When we see these scholars use the word competition they are not talking about the same thing. Bateson sees competition as the idea of us as human beings having to fend for ourselves in the current world, rather than work together to increase our quality of life. With Hutcheon, the word competition is something that the academic elites (in particular) do with the hopes of destroying their competitor and their work, rather than pushing them to do better. Which in today’s world, especially politically, has never been more apparent.

 

 

 

7 Comments

  1. While I agree with your assessment of the similarity of Bateson’s and Hutcheon’s argument, I think their is a whole avenue that we can explore through Werron’s argument in combination with your critique of current political discourse. Yes, Bateson and Hutcheon are similar in that they have a less neutral stance on competition than Werron. However, the value of Werron’s argument comes from its plea to analyzing the increase in “reproduced public comparisons of performances”. In other words, Werron wants us to look at how modern competition takes place on a very public stage. Werron may not be as critical towards competition as Bateson, but Werron does focus on a really important aspect of where our current political discourse exists: in front of an audience, and how that has affected political discourse. My comparison between Hutcheon and Werron is definitely not as strong as your comparison between Hutcheon and Bateson, because you touched on an important similarity between the stance of the two authors, but I believe that for the example you used (modern politics), looking at how politics has been transformed by “the stage” from a discourse of productive discussion into a discourse of belittlement where individuals compete for an audience, is better accomplished by comparing Hutcheon to Werron.
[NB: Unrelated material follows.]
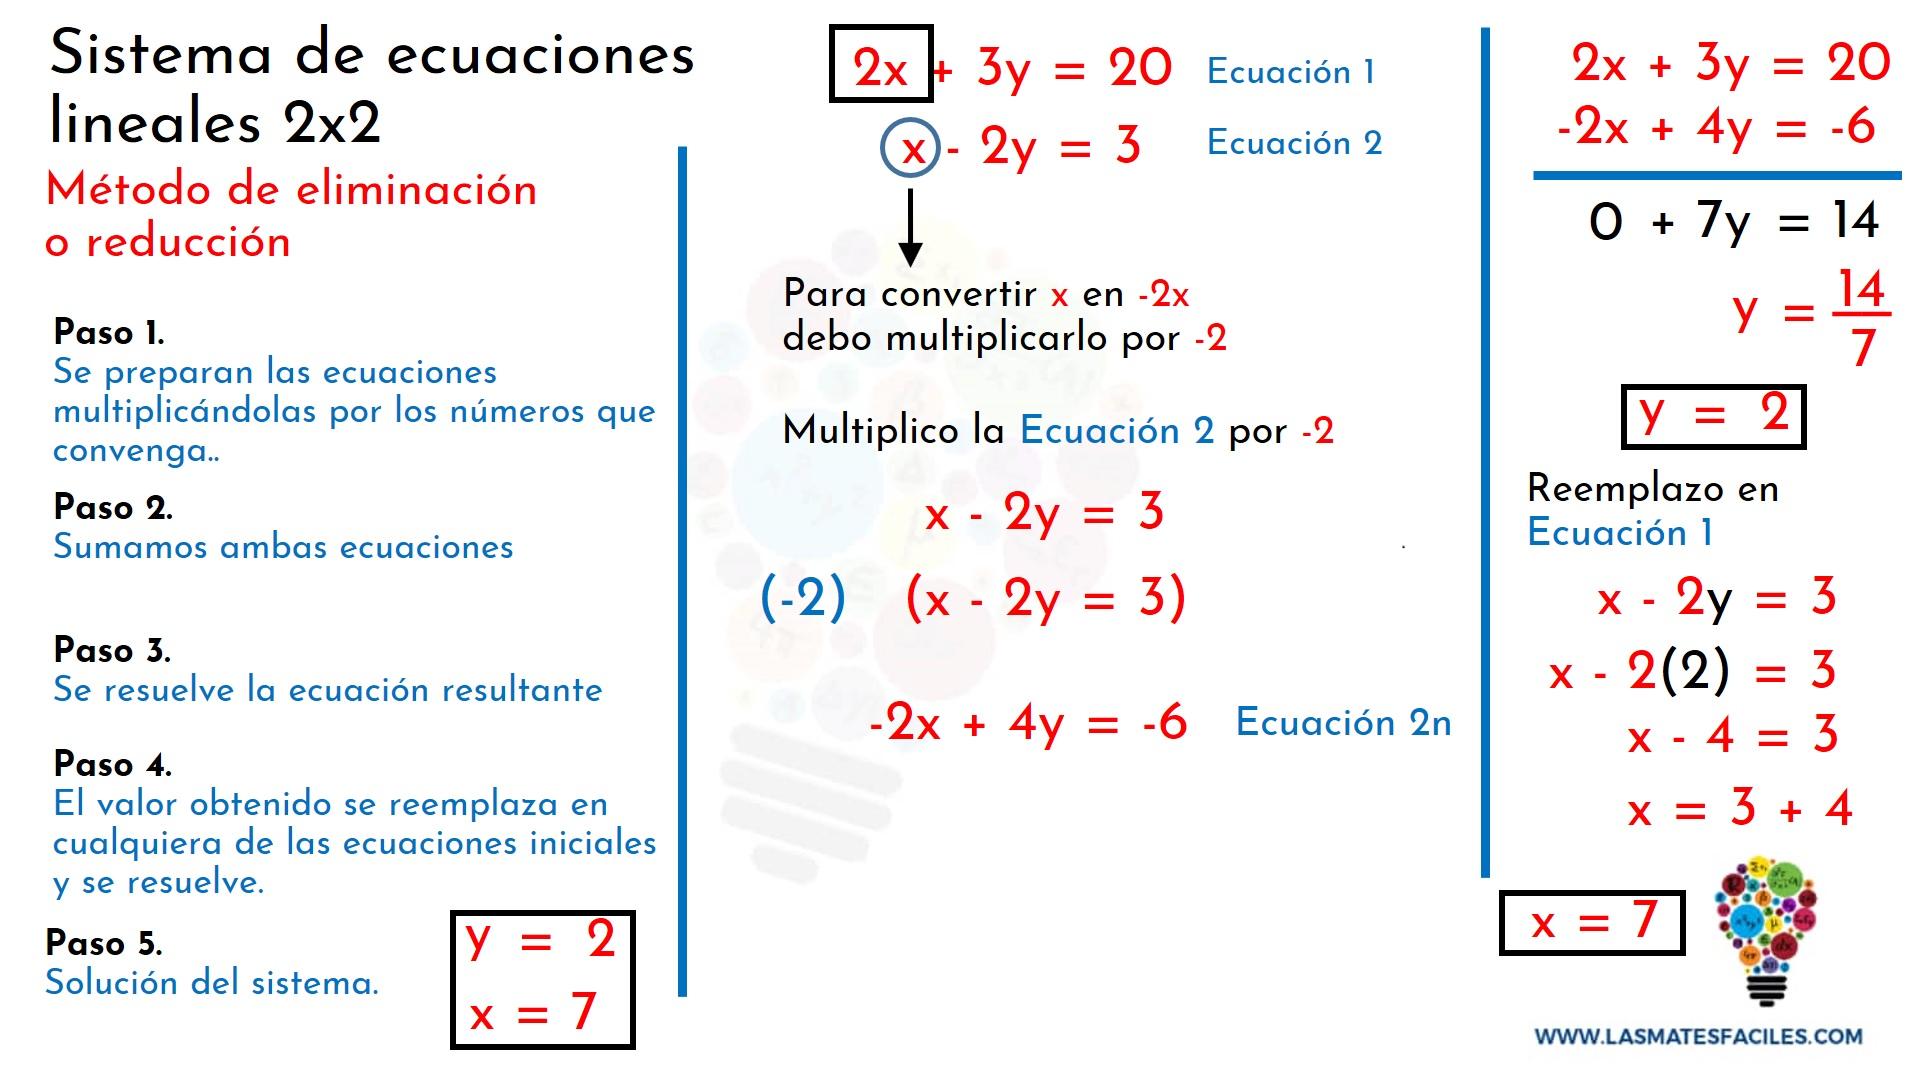 Sistema De Ecuaciones 2x2 Método De Eliminación Reducción Mates Fáciles

    If you consider the value of Werron’s argument to be the lens he creates for looking at competition as a conflict over an audience, how can you apply that to the academic stage that Hutcheon describes, as opposed to the political stage you describe?

    Liked by 1 person

  2. I believe that Werron’s point of competition in our modern day taking place on a very public stage is something that is very influential in the behaviour of politicians in our current times. In this day and age we are treating politicians more and more like we would celebrities, as we are able to follow their everyday lives through things such as social media and the internet, thus giving them much more public exposure and larger crowds causing more/stronger opinions. I believe this is something you touched on in your response and something we can both agree on. My response was focused more so on the similarities and differences of Hutcheon and Bateson rather than Hutcheon and Werron.
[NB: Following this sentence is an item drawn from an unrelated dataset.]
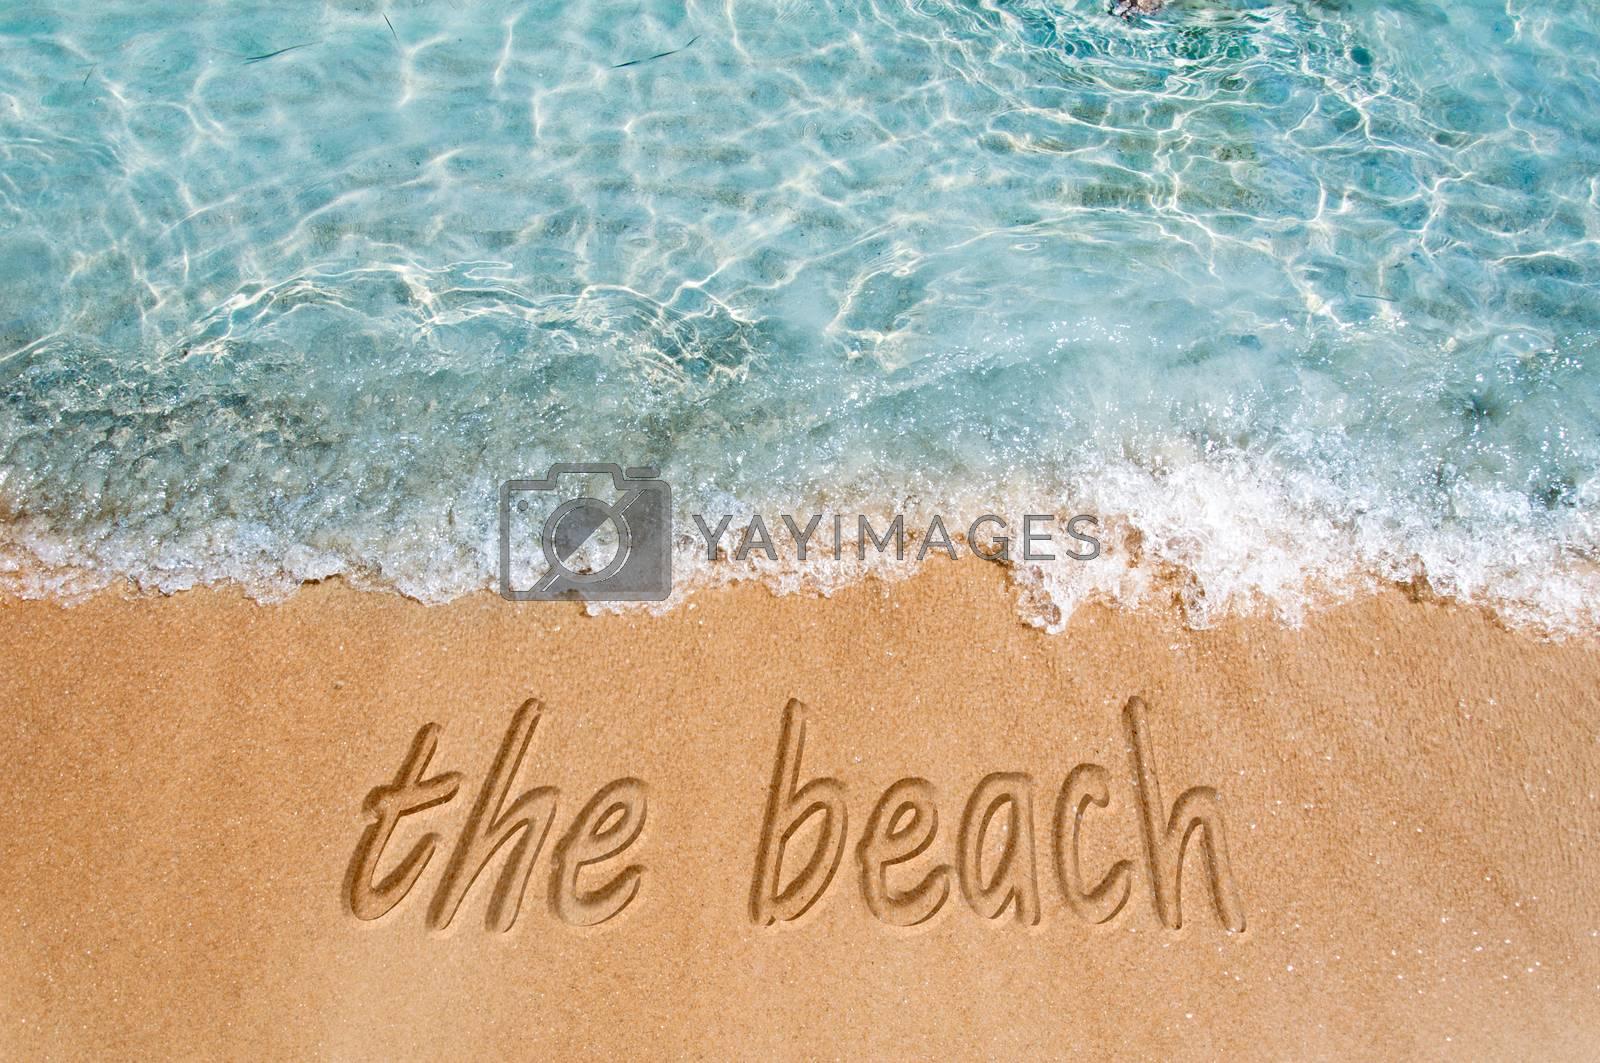 The beach sign on the beach sand

    However, when we look at the belittlement of people in academic society, as Hutcheon addresses, we are looking at obviously a much smaller audience than the political one. It is in this community of academic elite where we would think there would be a much more professional and respectful discourse. Although this seems to not be the case and I believe that it is within the more controversial the topic to be in this setting, the less people are willing to listen to the others opinion. When we look at topics such as immigration laws or abortion neither side will realistically ever actually “discuss” with the other and will look to instead tell the others why they are wrong. It is in the other worldly issues where I think people can be more open minded with as they are less threatening to our own beliefs. In conclusion, I believe the application to my argument in modern political belittlement can be shown in the academic audience through people receiving the same mistreatment for their unpopular opinions on controversial topics.

    Liked by 1 person

  3. Thank you, that clears up my question. I think this discourse is the antithesis to the toxic environment that Hutcheon described, so it should be continued after I finish my response. If you don’t mind I would like to use some points you made in your comment inside my own response.